九.ヴァーラ
「あ、リオナ。おかえりー」
「た、ただいま……?」
カレーらしきスパイシーな香りに包まれながらあまりに普通に出迎えられて、つい普通に返事をしてしまった。
魔女といえば気難しい皺の老婆か、気まぐれな妖艶な美女というイメージで、もし機嫌を損ねてカエルにされたらどうしようかと道中気が気ではなかったのだが、どこにでも居る主婦といった感じの、わたしと同じくらいふっくらした中年女性が現れた。
薄ピンクの小花柄エプロンをつけ、カレールー(?)の付着したお玉を持って出てきたので拍子抜けも良いところだ。
(たしかに、夕食の準備をする時間帯だけど……これが強大な魔女??)
人違いかとも思い、隣に立つファレスを見上げたが「こちらがヴァーラ殿です」と言うので間違いないようだ。
ちなみに、今更だがこの世界とあちらでは服装にそう大差がない。色遣いや形状がややシンプルで素材が木綿や絹などでの天然素材で化繊ではなさそうだというくらい。
王子たちも「どこかの大会社の社長さんの休日」といった雰囲気でファンタジー要素は特になかった。
ヴァーラは片手をエプロンの端で拭いながら、その鼻をわたしの鼻と触れ合うかという程に近寄ると少し難しい顔をした。

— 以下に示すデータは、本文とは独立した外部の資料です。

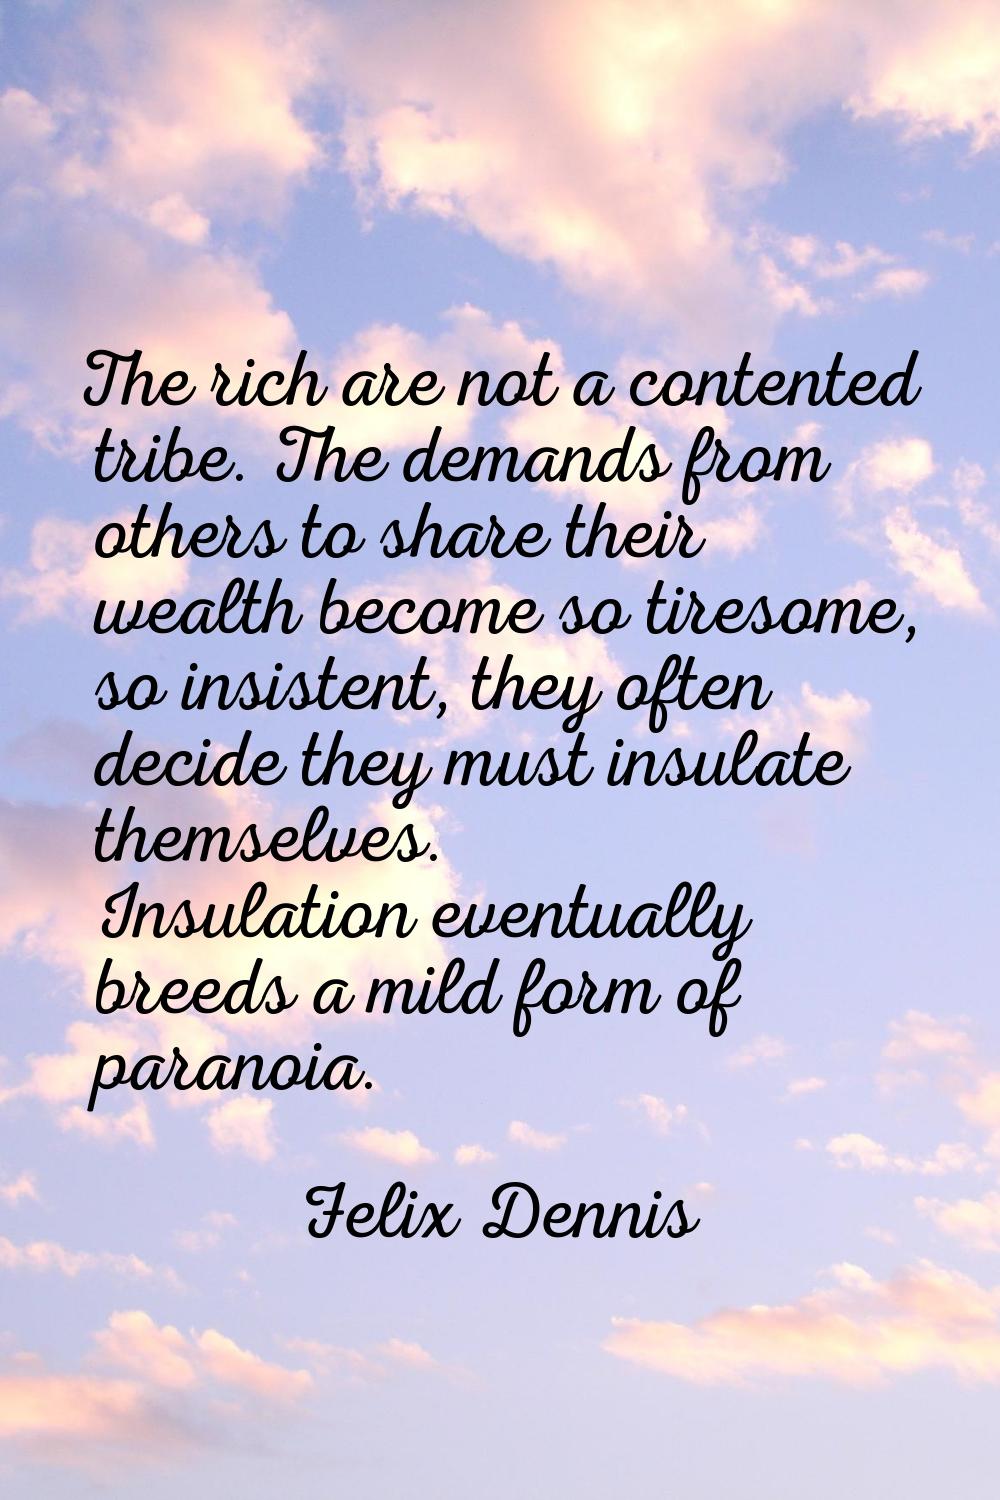 The rich are not a contented tribe. The demands from others to share their wealth become so tiresom

「あー、まだダメみたいだねぇ。一緒に晩ご飯でも食べようかと思ってたけど、とりあえず今日は帰りな。かーちゃんが心配してる。また迎えに行かせるから」
「え? ……ってえええええ!?」
あっという間に日本の自分の部屋。
「な、なんだったんだ?」
呆然とするわたしの独り言に、間髪を入れず部屋と廊下を仕切る薄い扉の外から気遣わしげな声が応える。
「里緒、いるの? どうかした?」
「……え、あ、なんでもない」
『かーちゃんが心配してる』か。なるほど。さすが強大な魔女さまだ。
「そう? もうすぐご飯だからね」
どうやら我が家の献立もカレーらしい。あちらとこちらの時間差はないようだ。
そして何事もなく一週間が経過した。
アルディアでの一件は妄想トリップ若しくは白昼夢だったのかもしれない。
現実だろうと妄想だろうとどちらでも構わないのだが、今後何かのネタになるかもしれないのであの貴重な体験(妄想)をノートにまとめて思考する日々を送っている。

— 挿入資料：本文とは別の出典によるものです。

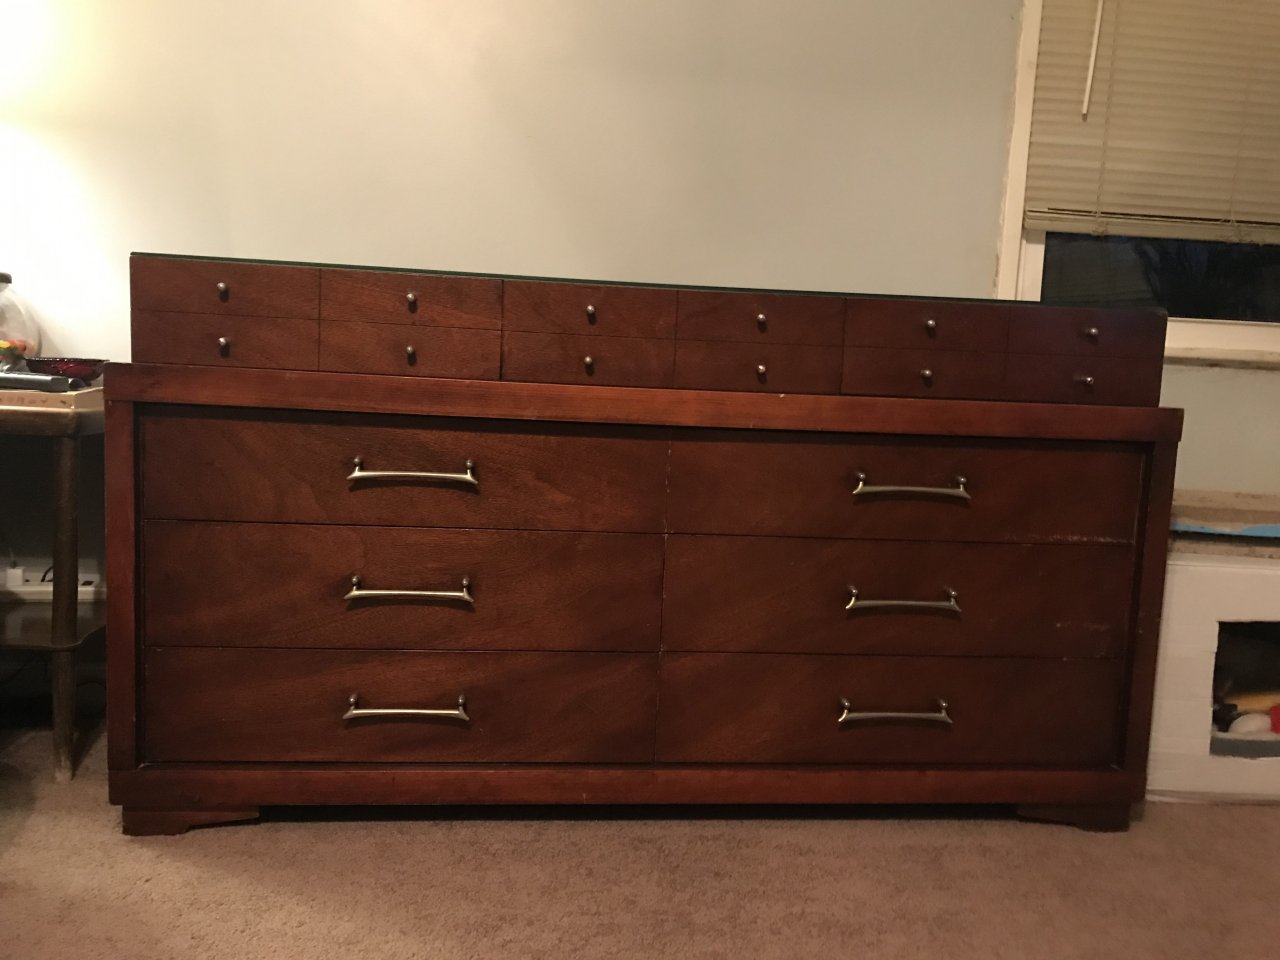 Thomasville Chair Company Dresser Set | My Antique Furniture Collection

(余談だが、ネットでの収入は継続して入るようにしている。僅かの稼ぎだが、できるだけ親のお荷物にはなりたくない。)
一.わたしは前世でヴァーラの妹「リオナ」だった?
これは確かめる手段が分からないので保留。
二.ヴァーラの要求は行方不明だったわたしを見つけだし、いずれかの王子と結婚させること。
見つけだすのはともかく結婚させる理由は? よくあるパターンは妹が玉の輿になれば姉にも財産や地位が手に入るなどか。
三.わたしは何かが『まだダメ』らしい。
そもそも当初は「行方不明の妹」だったはずだが、おそらくヴァーラはわたしの所在を知っていたのではないだろうか。「かーちゃんが心配してる」とか「まだダメ」とか、以前からのわたしの生活や家族構成等を知っていたように思える。
四.ヴァーラは何かを企んでいるが、攻撃的ではないようだ。
友達のおばさんみたいに「ご飯食べていきな」的なヒトが国を滅ぼすとか気に入らない奴をカエルにするとか、そういった攻撃はしないだろうと思う。あくまで第一印象のみでの判断だが。
今でこそラノベ専門のわたしだが、小学校にあがった辺りからは推理小説を好んで読んでいた。習っていない漢字も特に意識せず読めた。今思えば、周りの子が大きな字でイラストばかりの年相応の本を読んでいる中で異質だったのだろうが、ともかくこういった推理をするのは意外と楽しいものだ(アルディアの事情を考えれば楽しんでいる場合ではないのだろうが)。
けれどいくら考えても確実なことなど何もない気がする。あるとすれば王子三人が皆違ったタイプのイケメンだった、ということ位だろうか。
あの王子たち、見てるだけなら眼福だが実際に触れ合いたいとは全く思えないのが悲しい。このまま結婚できずに一人寂しい人生を送るのが目に見えているのに、目の前にぶら下がった金持ちのイケメンを見逃すとは、我ながらもったいないことだ―――乙女ゲームなら即攻略対象なのに。